### Dataset extract
————————
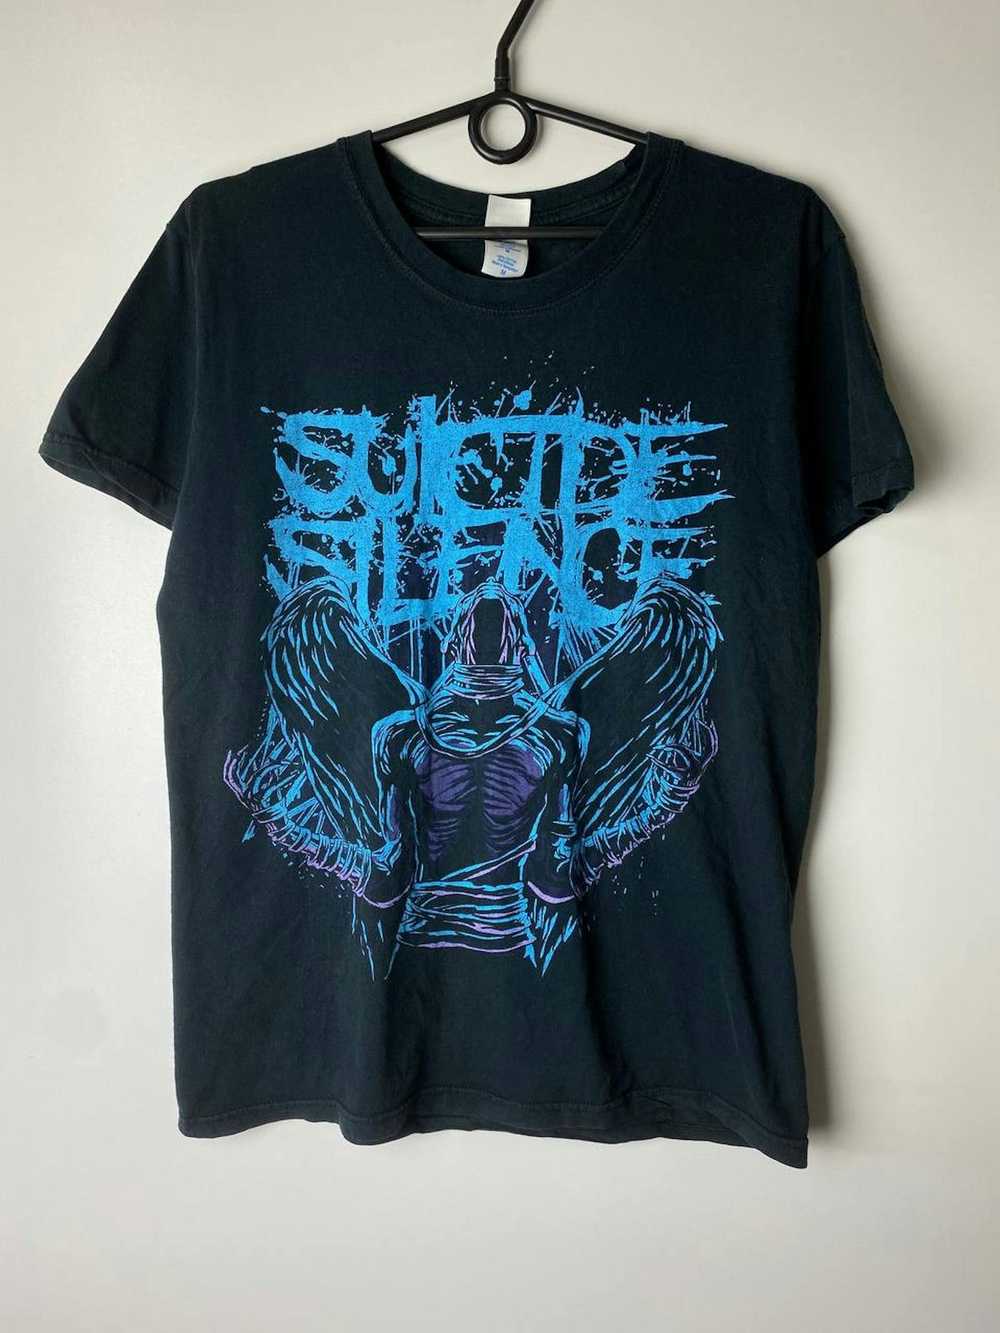 Vintage Suicide Silence vintage t-shirt size M - image 1
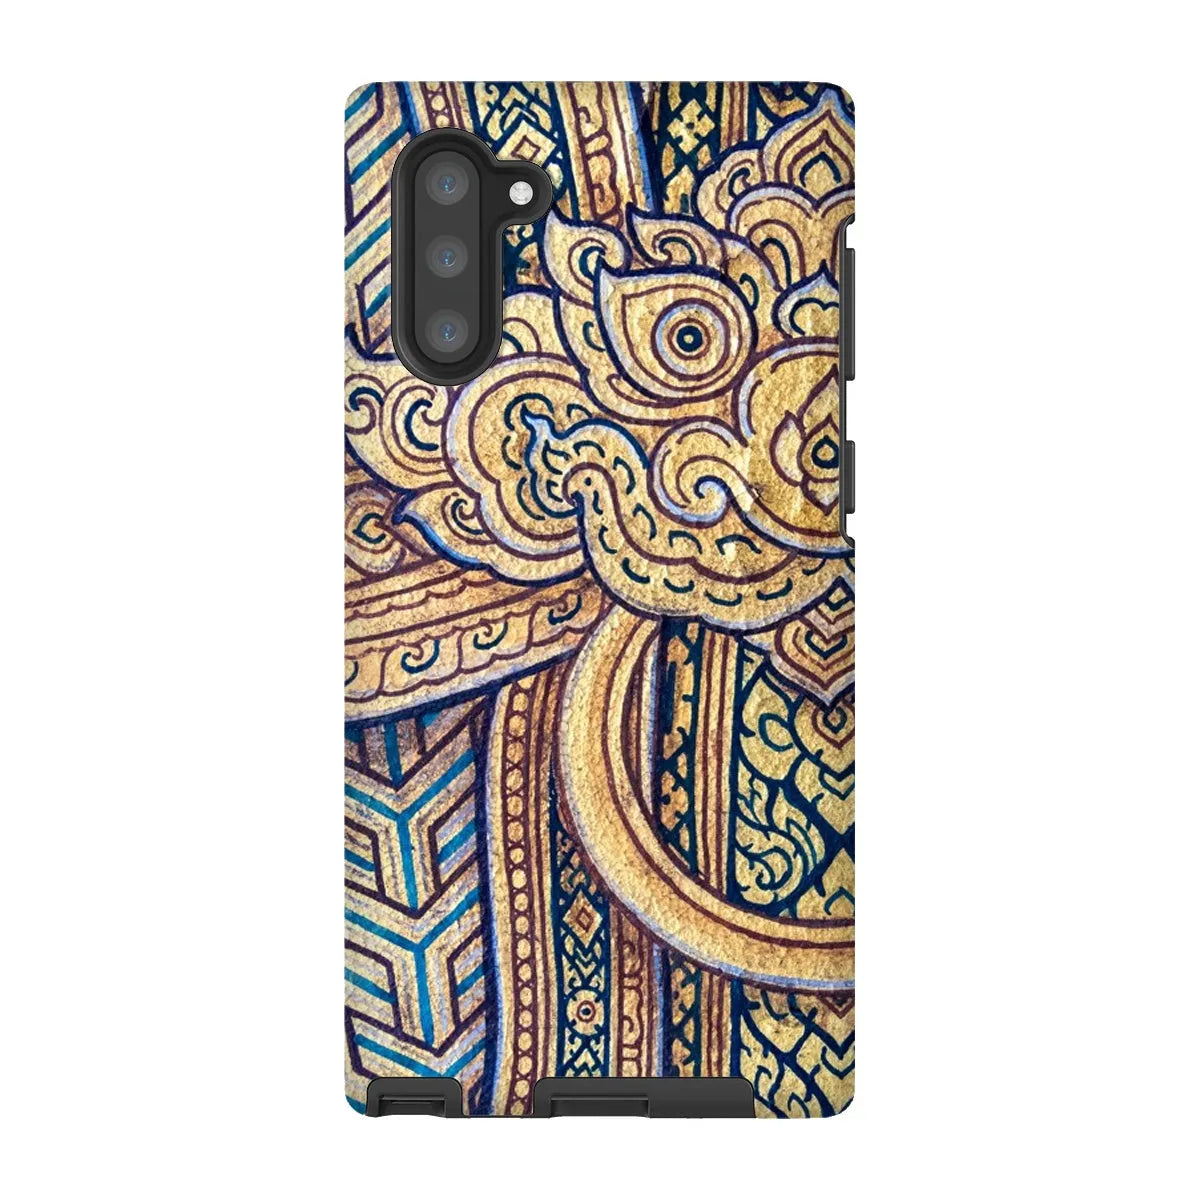 Man’s Best Friend - Thai Aesthetic Art Phone Case - Samsung Galaxy Note 10 / Matte - Mobile Phone Cases - Aesthetic Art
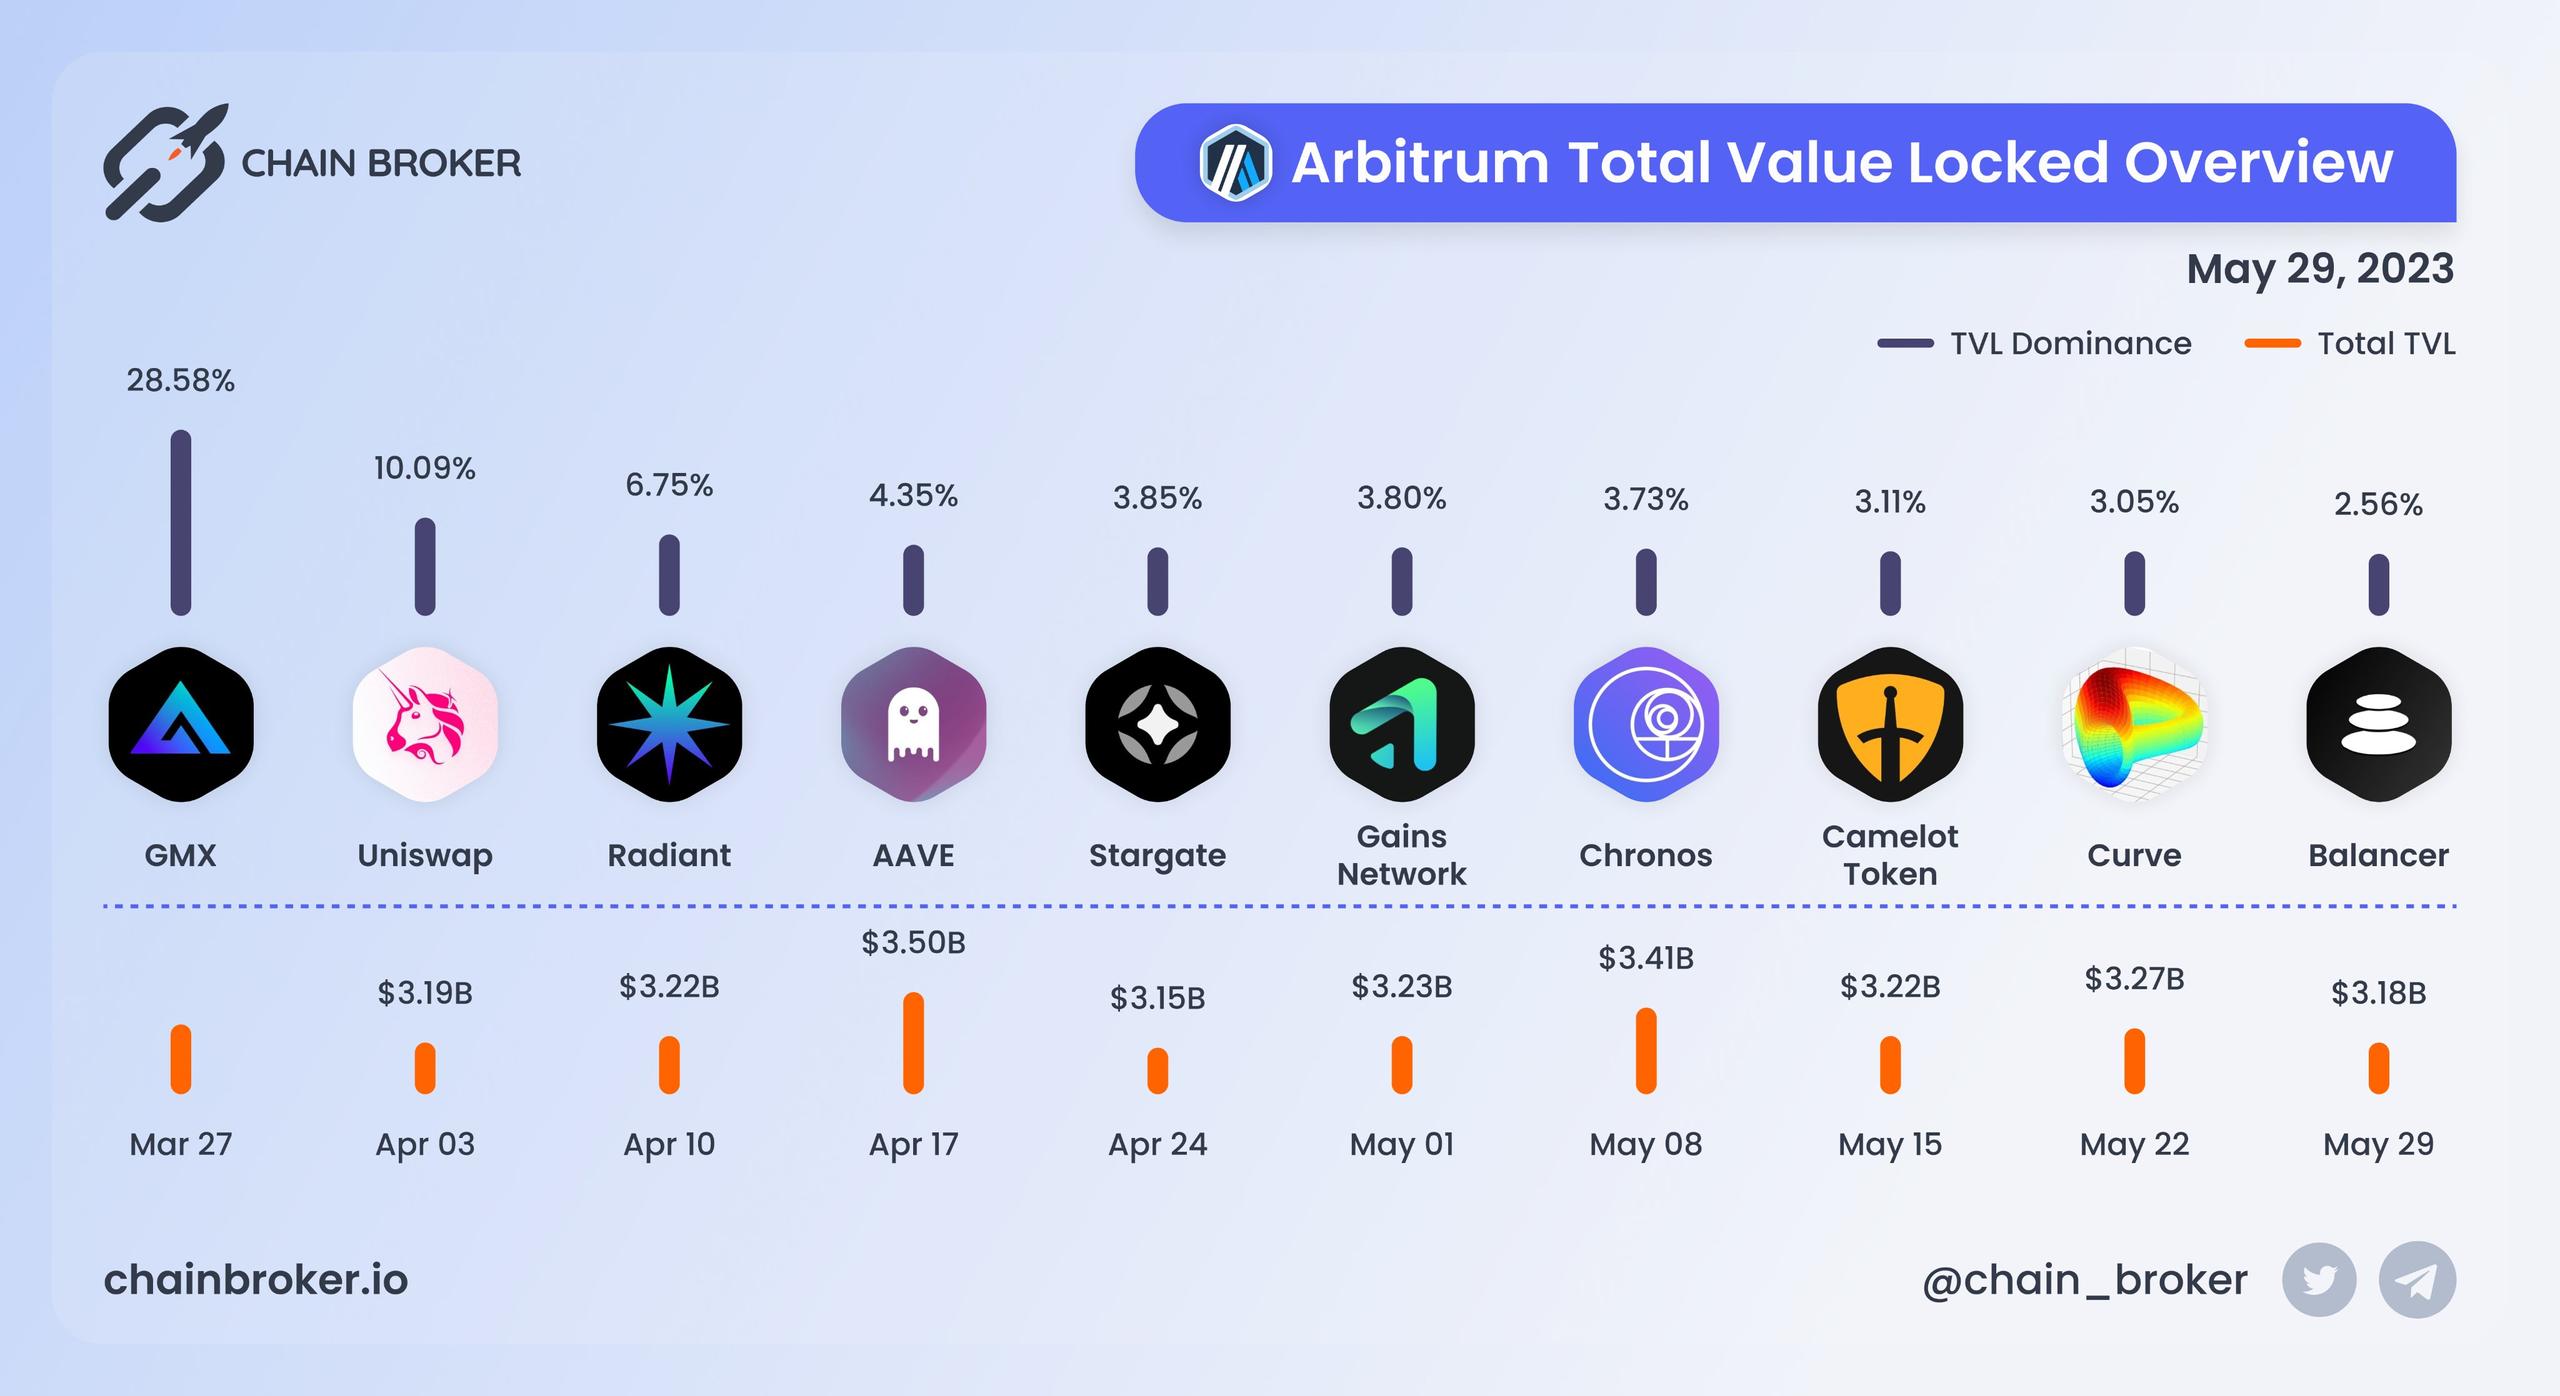 Arbitrum total value locked overview
————————
### Work to be completed
A verbatim copy of the data, free of pictures, is the expected answer.

### Result of the exercise
 Vintage Suicide Silence vintage t-shirt size M - image 1
 Man’s Best Friend - Thai Aesthetic Art Phone Case - Samsung Galaxy Note 10 / Matte - Mobile Phone Cases - Aesthetic Art
 Arbitrum total value locked overview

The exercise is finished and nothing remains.